Here's the dress! The one I finished in the wee hours before Adelaide's birthday. The one that miraculously fit without trying it on her as I went along. And the one she promptly put on first thing that morning, and has worn many times since, much to my delight. Ah, yes. The aptly named Jane Austen dress.
The pattern is from the newly published Mason Dixon Knitting Outside the Lines. It's been a while since I've been so excited about a new knitting book, but I'm pretty jazzed about this one. On first flip through, I think I bookmarked half of the projects to make...and it had me jumping up to the knitting needles to get started on this dress a mere 30 minutes after it arrived on my doorstep. Not to mention the yarn I immediately ordered for the next project in the book I'm most excited about (a linen knit table runner. Oh, yes). With their characteristic fun and funny style (their first rule of knitting, 'knitting is spoze to be fun!'), it's a pleasure to read just as much as the patterns have me itching to knit. Huge congrats on another beautiful, fun book, Kay and Ann!

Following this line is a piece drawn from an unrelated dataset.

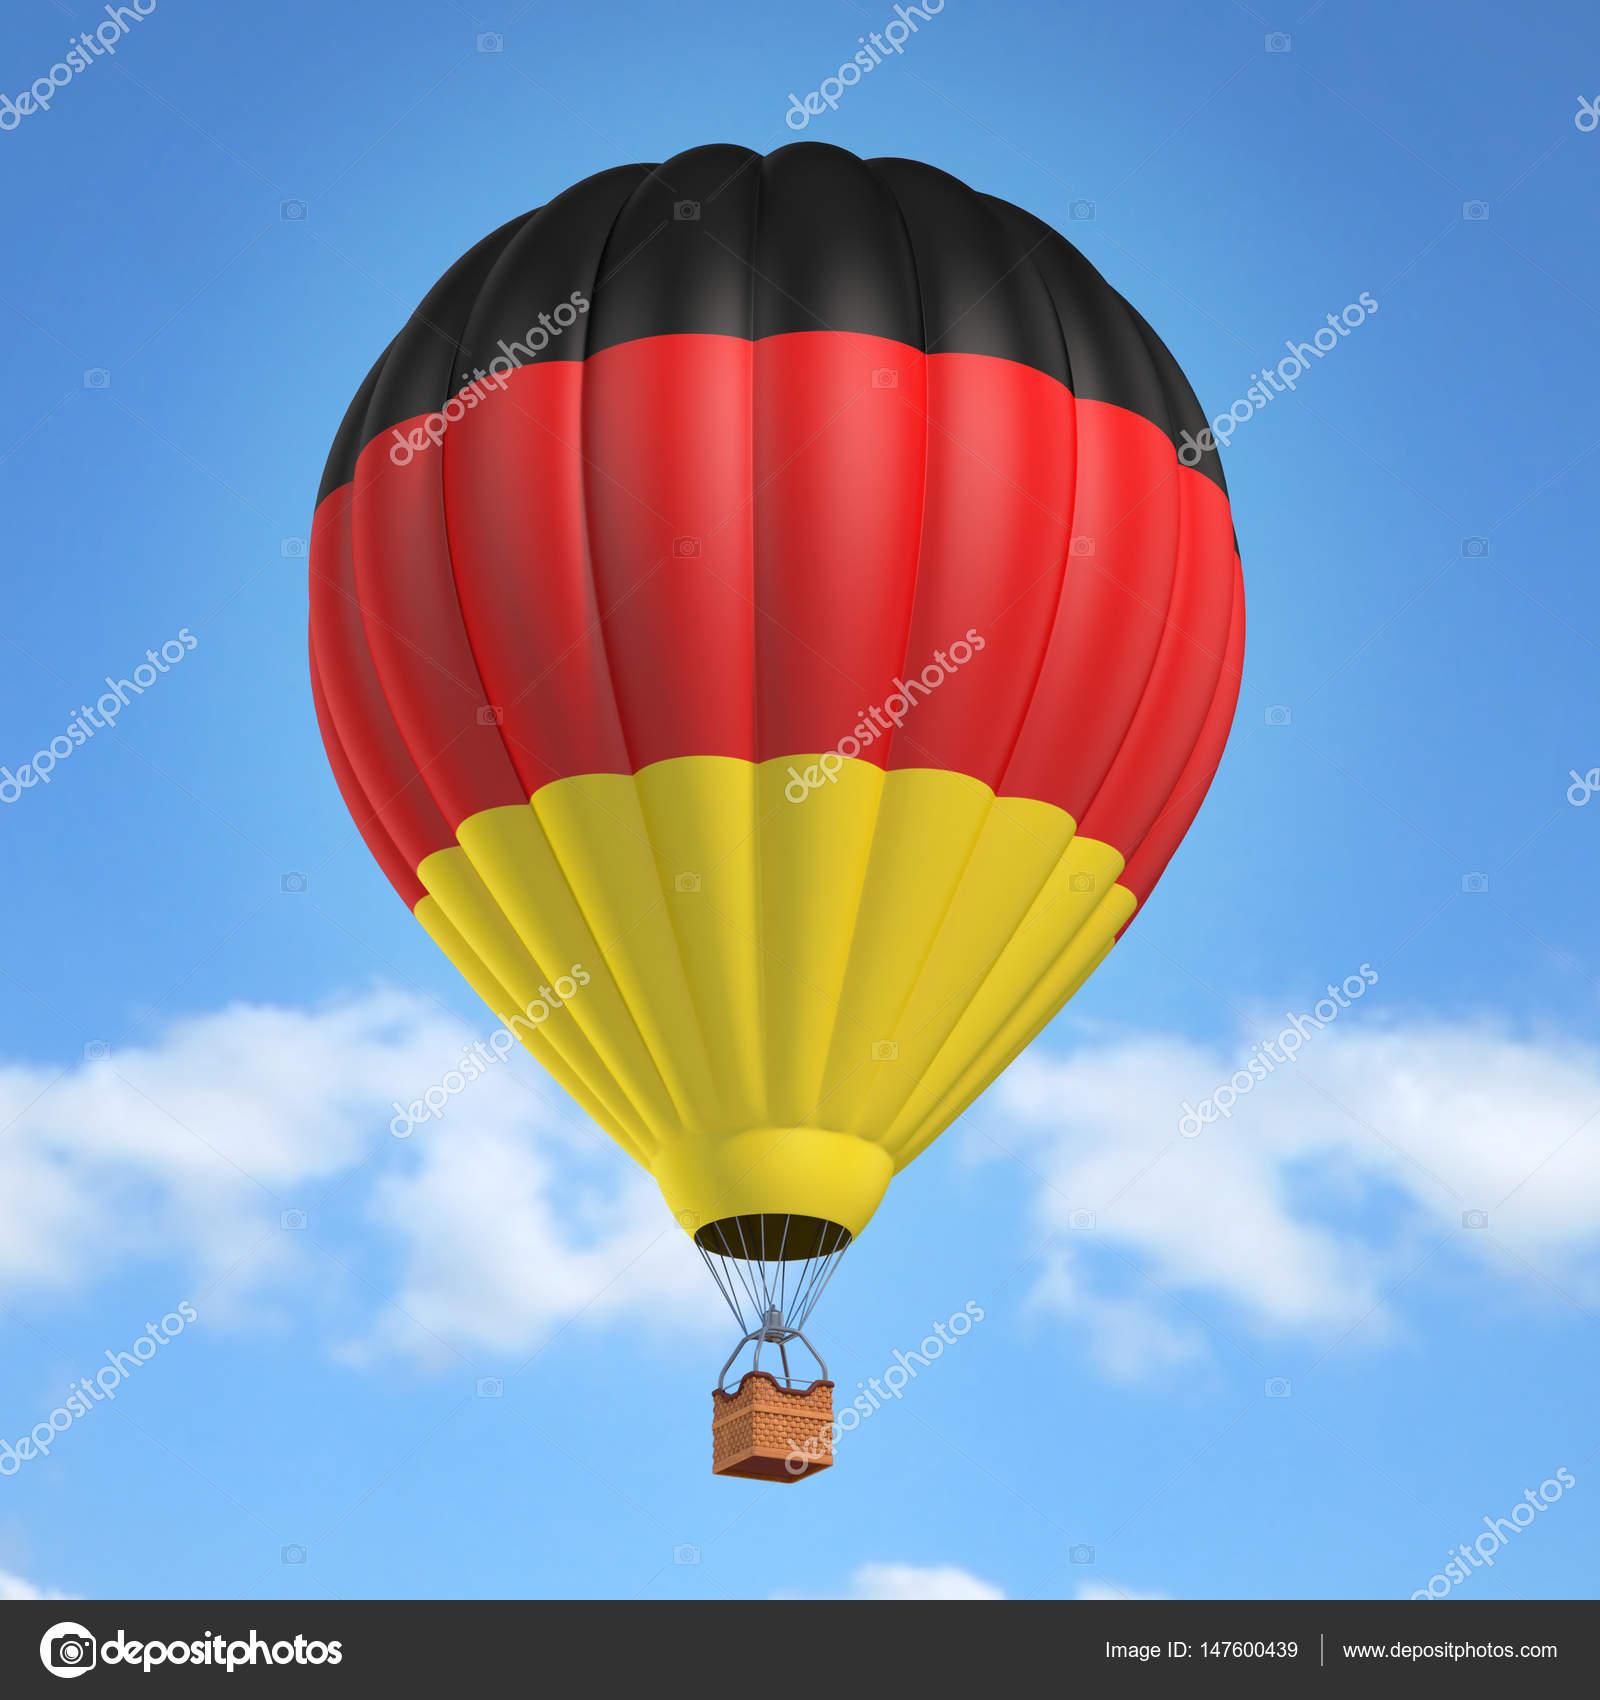 hei luftballon mit deutscher flagge stockfoto koya979 147600439. Black Bedroom Furniture Sets. Home Design Ideas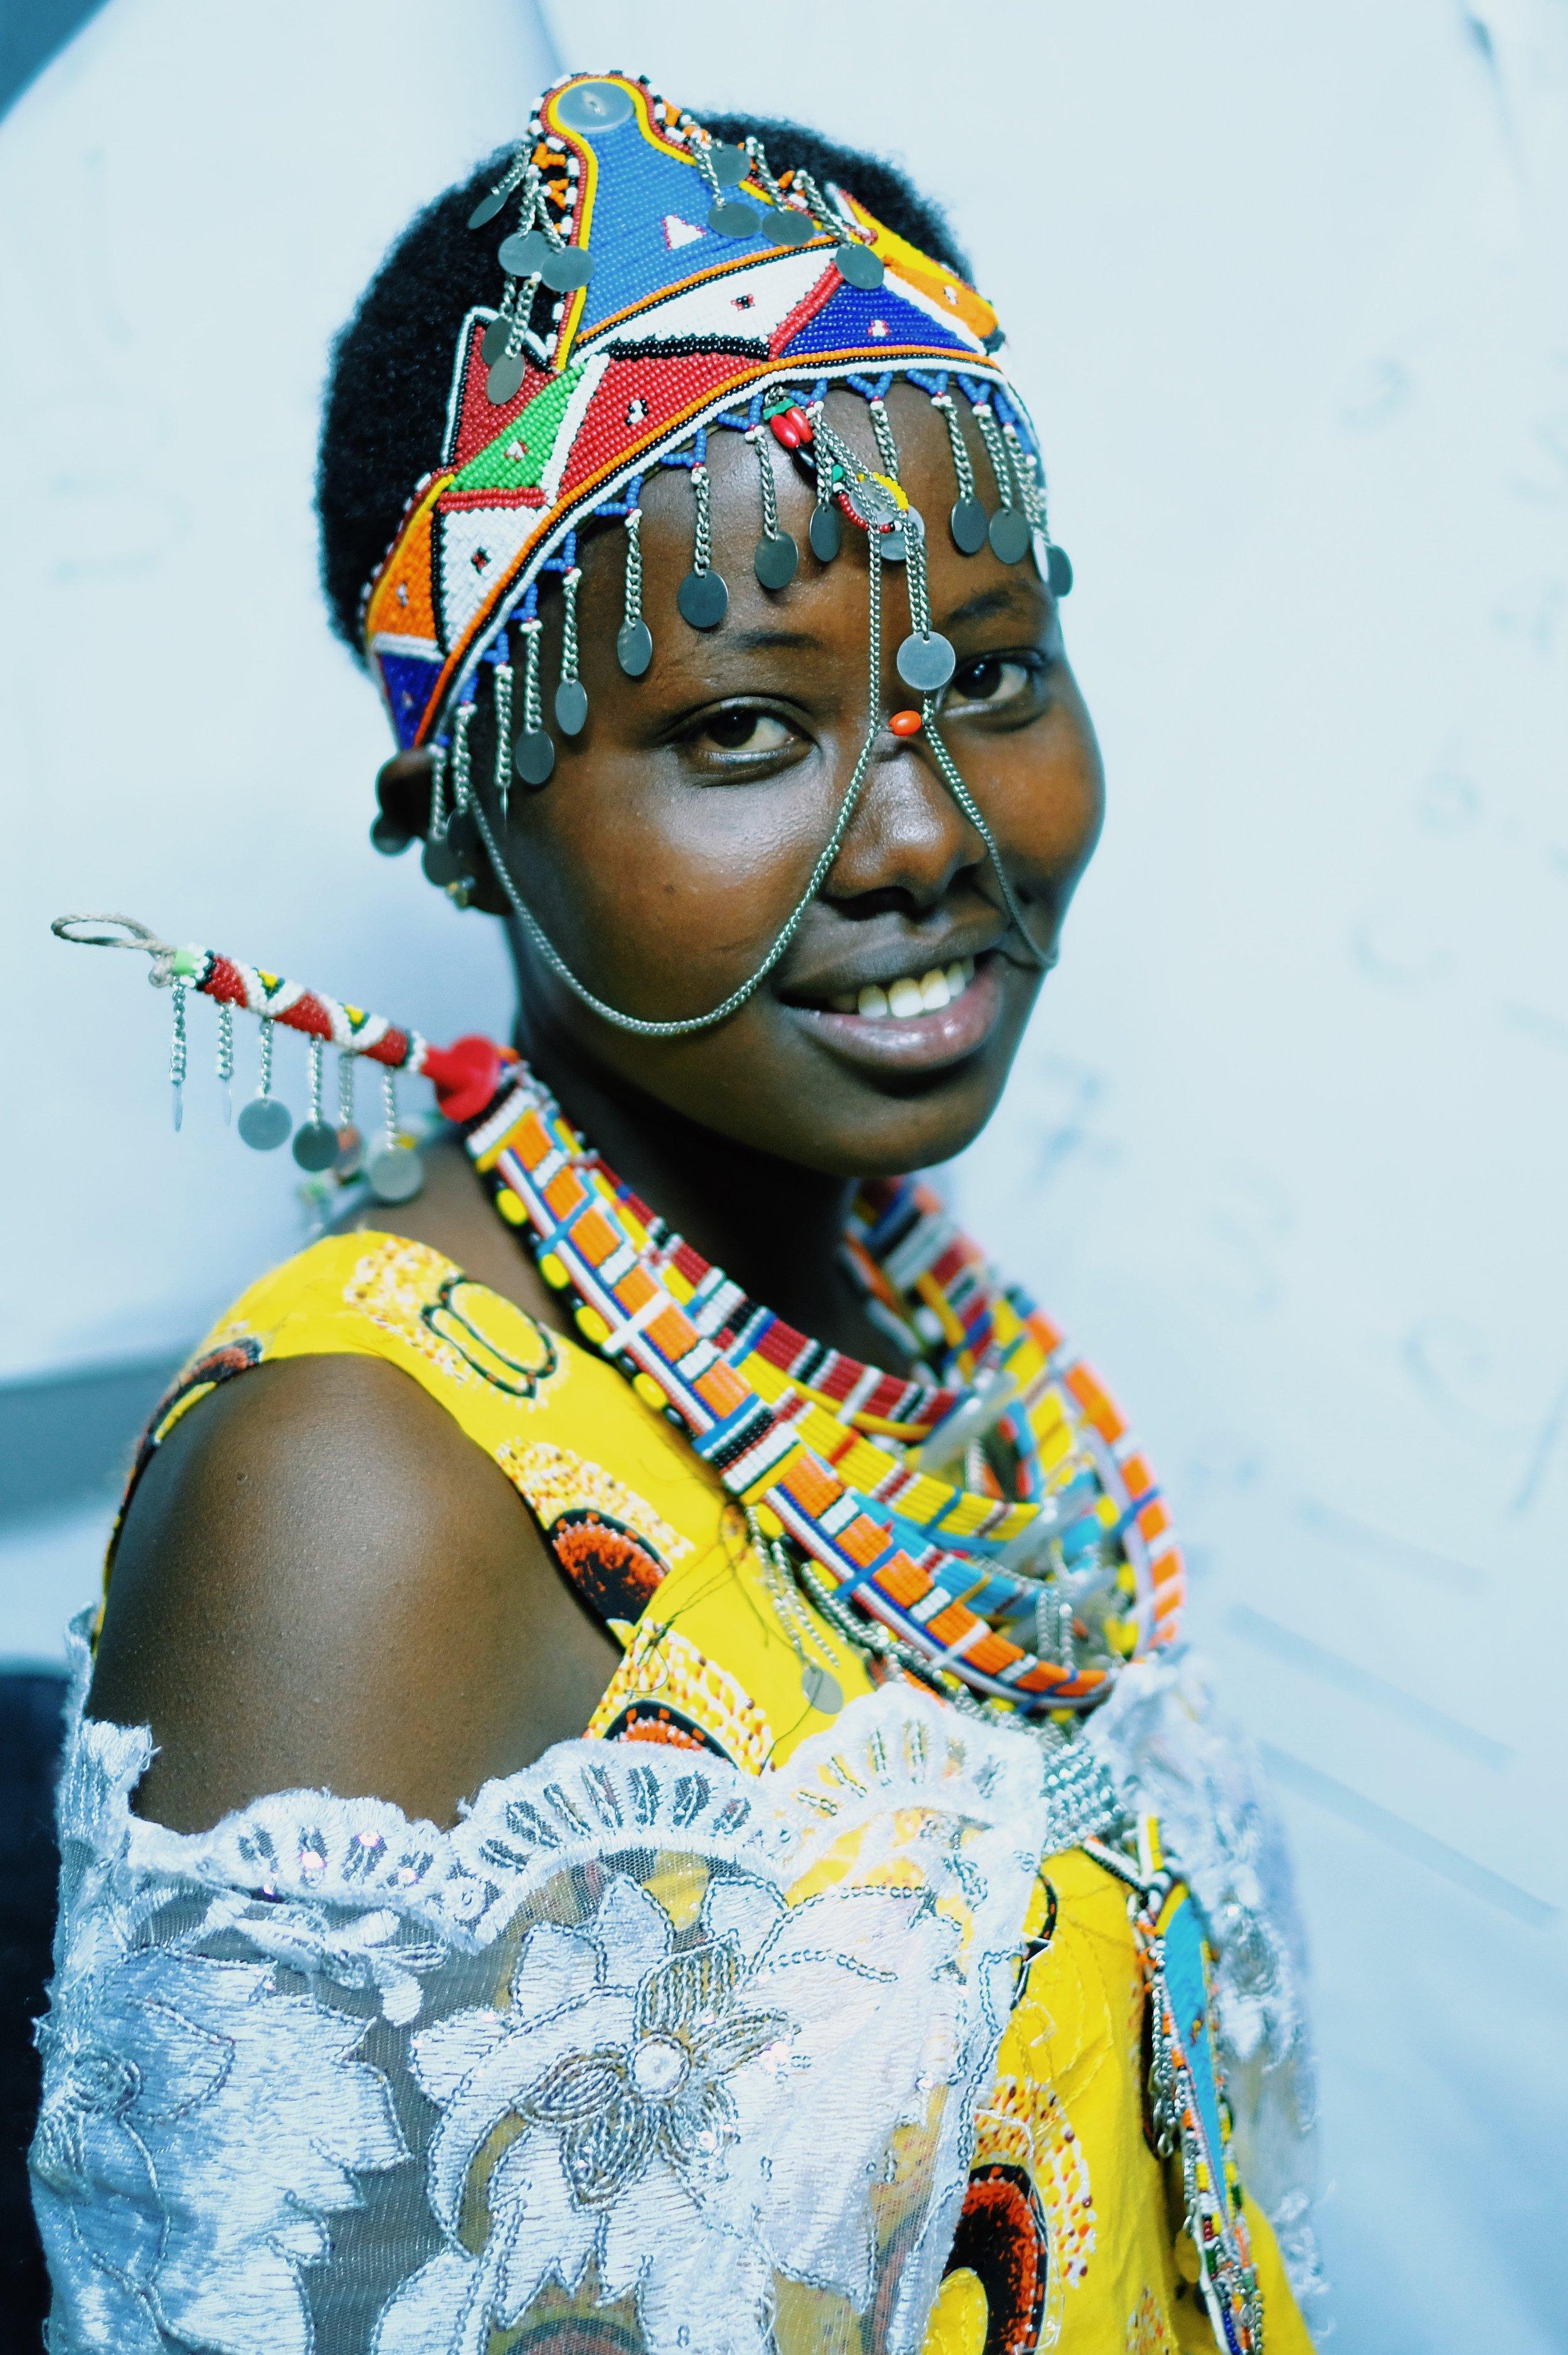 Maasai Olentoko 'End FGM' Beauty Pageant 1 by Joost Bastmeijer.jpeg

The dress came together so smoothly. They estimated it as a 'weekend project' - and had I had a few less interruptions, I think that might have been just about right. I knit it up in some cotton yarn (which, tangentally, I found at a local thrift shop - as overstock from Silk City Fibers - for a whopping $1.99 for a gigantic cone-full. Thanks for the tip, Aprill!), in a color that will remind us of the ocean long after we're romping about by it in sleeveless dresses. I used the tutorial found on Ysolda to create the button loop in the back. And the skirt fabric is linen. (For anyone interested in making it yourself, I went with the 2-3 sizing, which I think it generous enough that she'll still wear it next summer.)
I think this might be only the second knit dress I've made for her (the first one here), and while, realistically speaking, they may be a little on the impractical side, I still love making them. There's something about all the extra work that goes into a handknit dress for me that makes it extra special. Thank goodness - for now, at least - she agrees with me on that one. She loves it.